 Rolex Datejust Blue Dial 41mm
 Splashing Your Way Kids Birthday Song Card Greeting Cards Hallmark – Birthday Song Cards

-----

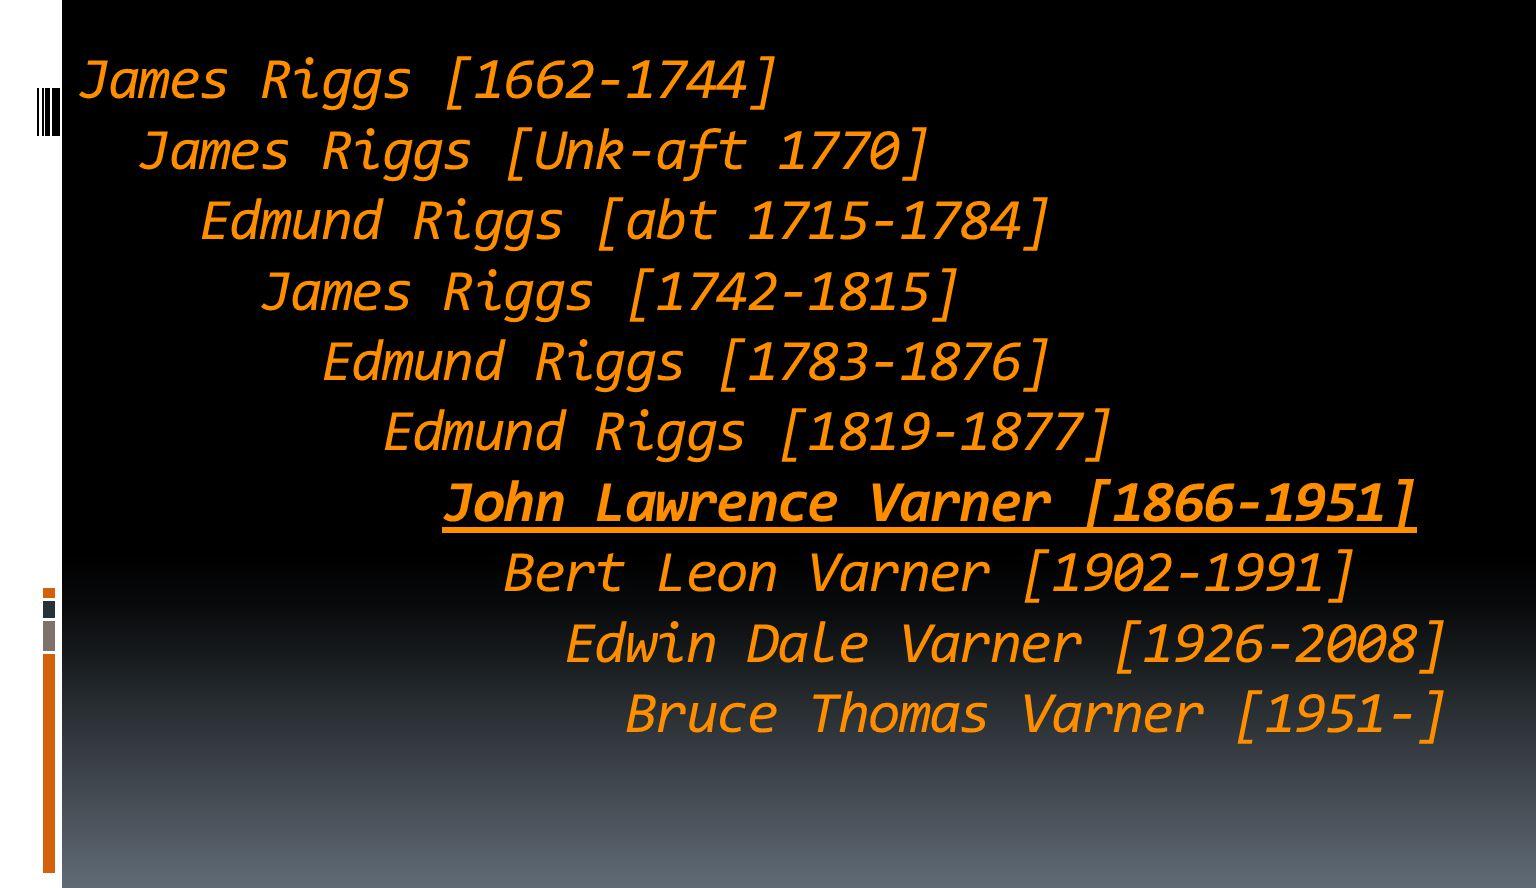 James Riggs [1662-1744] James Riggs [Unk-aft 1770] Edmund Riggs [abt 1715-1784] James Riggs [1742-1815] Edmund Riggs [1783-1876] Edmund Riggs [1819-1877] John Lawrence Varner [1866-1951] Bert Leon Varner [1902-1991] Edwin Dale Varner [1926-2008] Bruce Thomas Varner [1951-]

-----

**Task instructions**
Could you reproduce exactly the lines of the entries above, from the one with "Rolex Datejust Blue Dial 41mm" through the one with "Splashing Your Way", and nothing else?

**Answer to this problem**
 Rolex Datejust Blue Dial 41mm
 Splashing Your Way Kids Birthday Song Card Greeting Cards Hallmark – Birthday Song Cards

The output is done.